(Task): Look through the data below and output, unchanged, every line from the one holding "50 strong public" through the one holding "Woman Drinking Organic", inclusive. Skip the pictures.

(Data supplied):

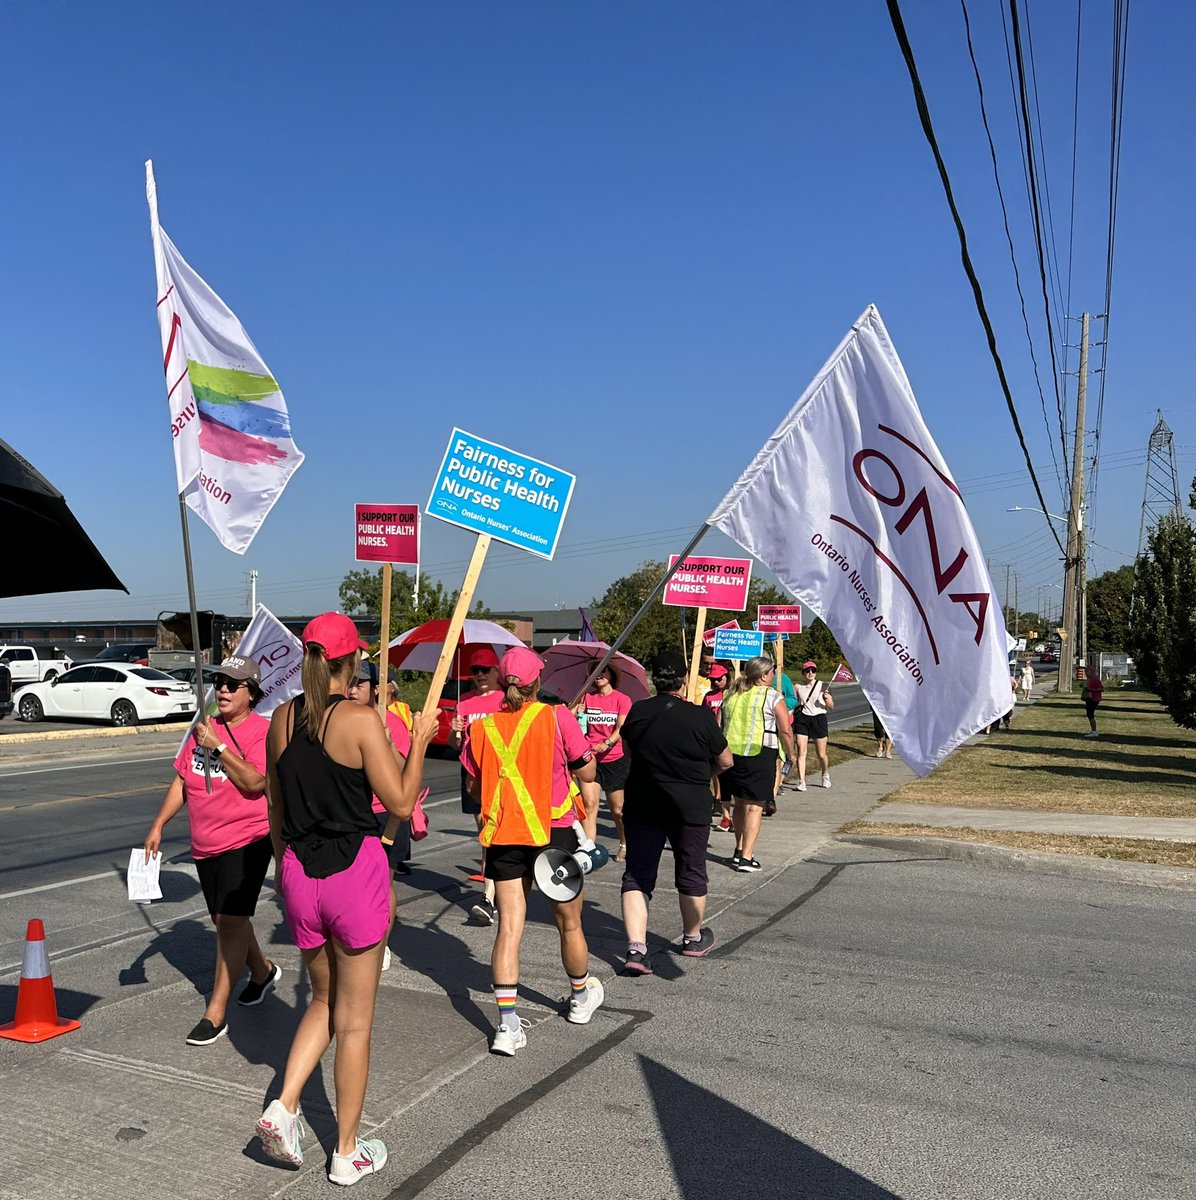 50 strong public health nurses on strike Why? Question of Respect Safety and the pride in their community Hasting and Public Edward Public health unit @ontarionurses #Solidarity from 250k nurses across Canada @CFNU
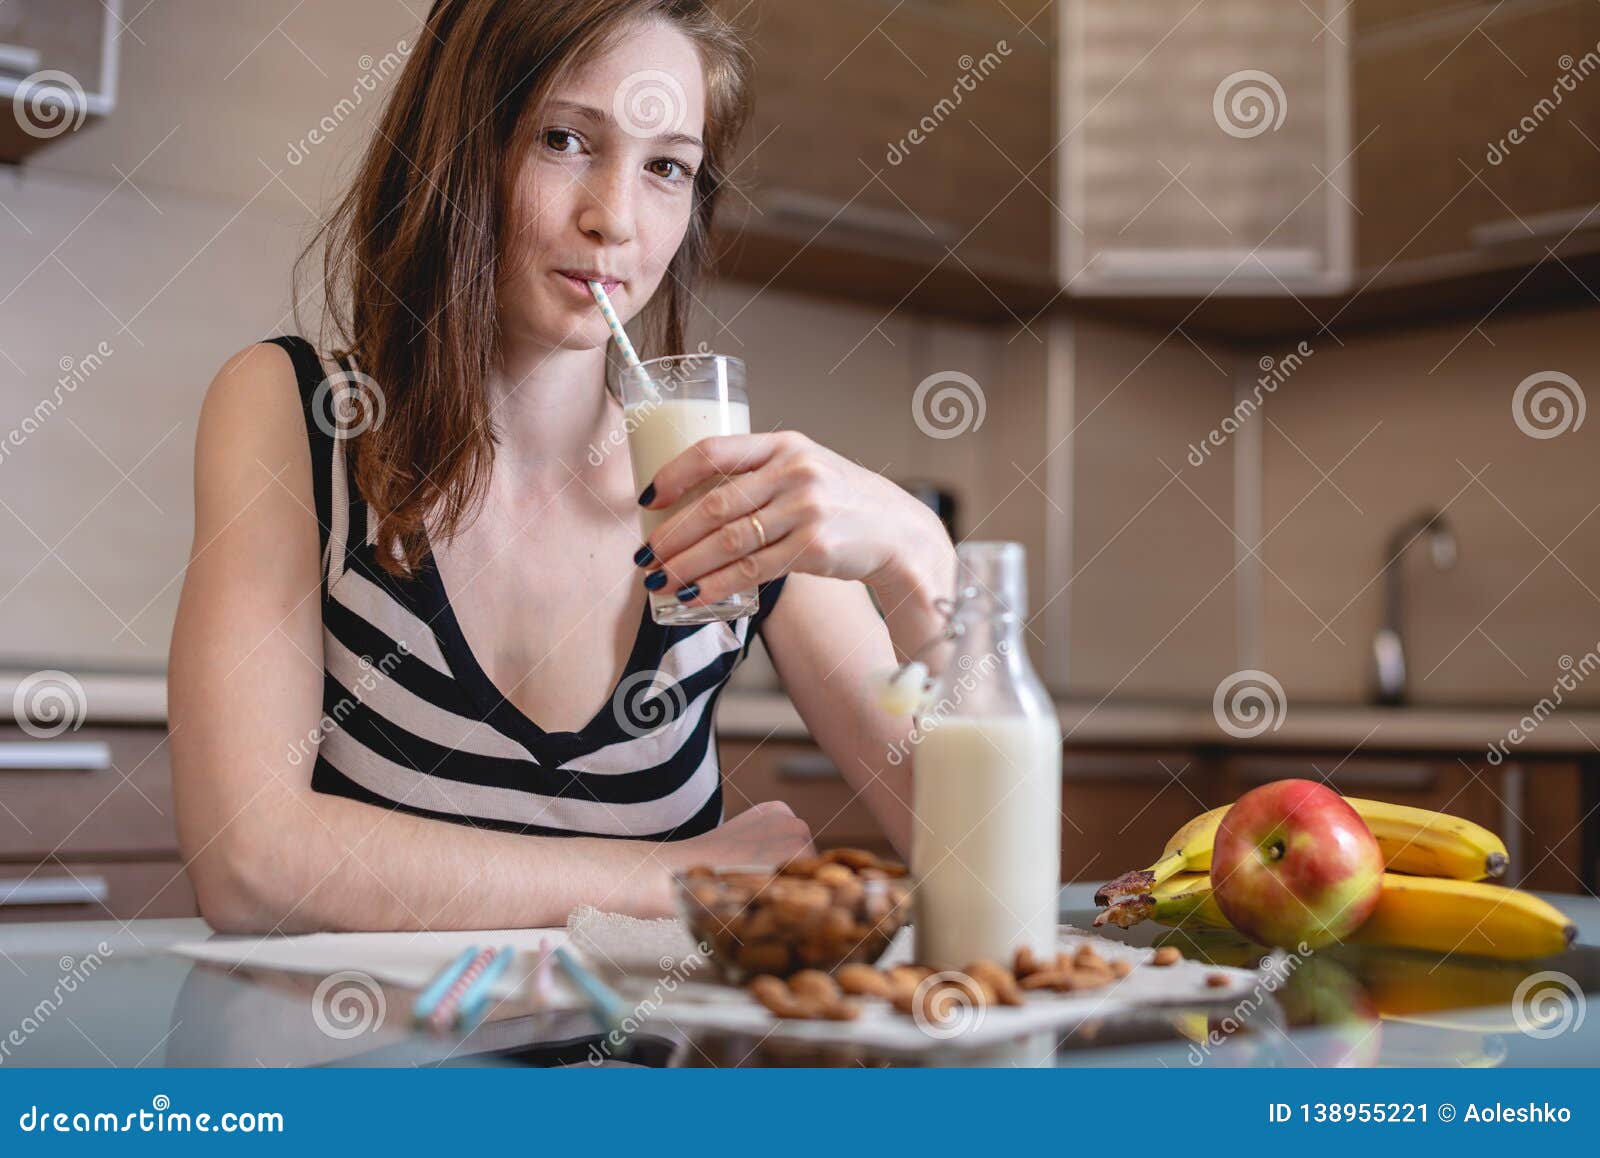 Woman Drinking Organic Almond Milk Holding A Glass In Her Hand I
* * *
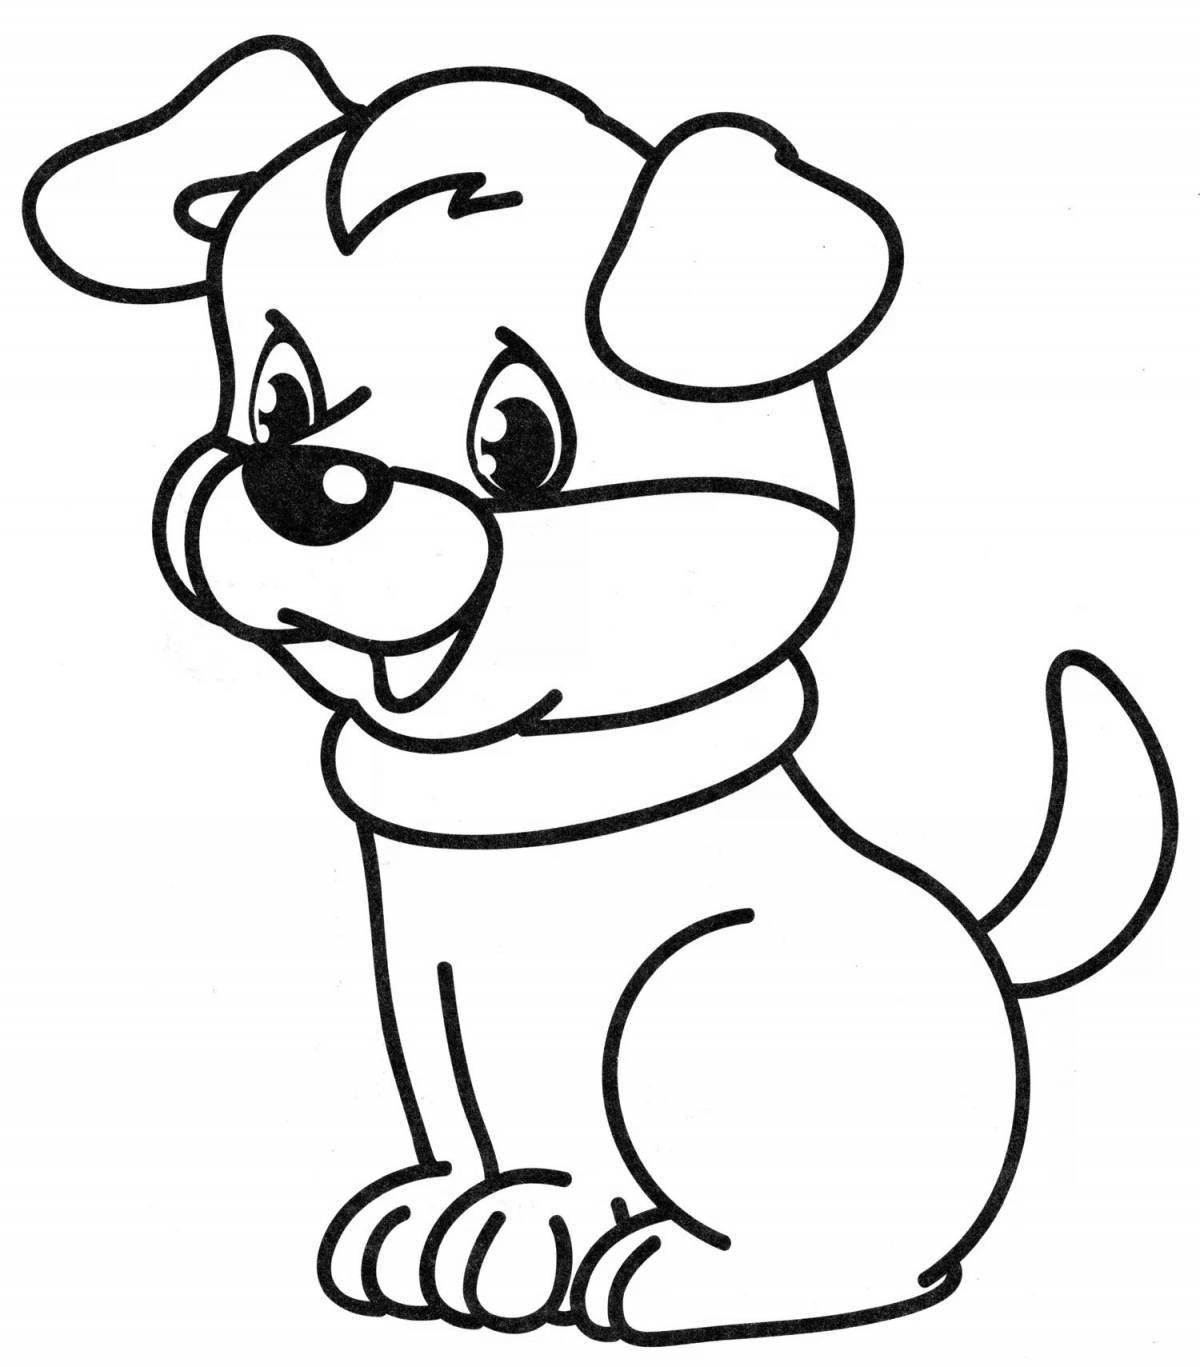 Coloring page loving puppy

(Completed task):
 50 strong public health nurses on strike Why? Question of Respect Safety and the pride in their community Hasting and Public Edward Public health unit @ontarionurses #Solidarity from 250k nurses across Canada @CFNU
 Woman Drinking Organic Almond Milk Holding A Glass In Her Hand I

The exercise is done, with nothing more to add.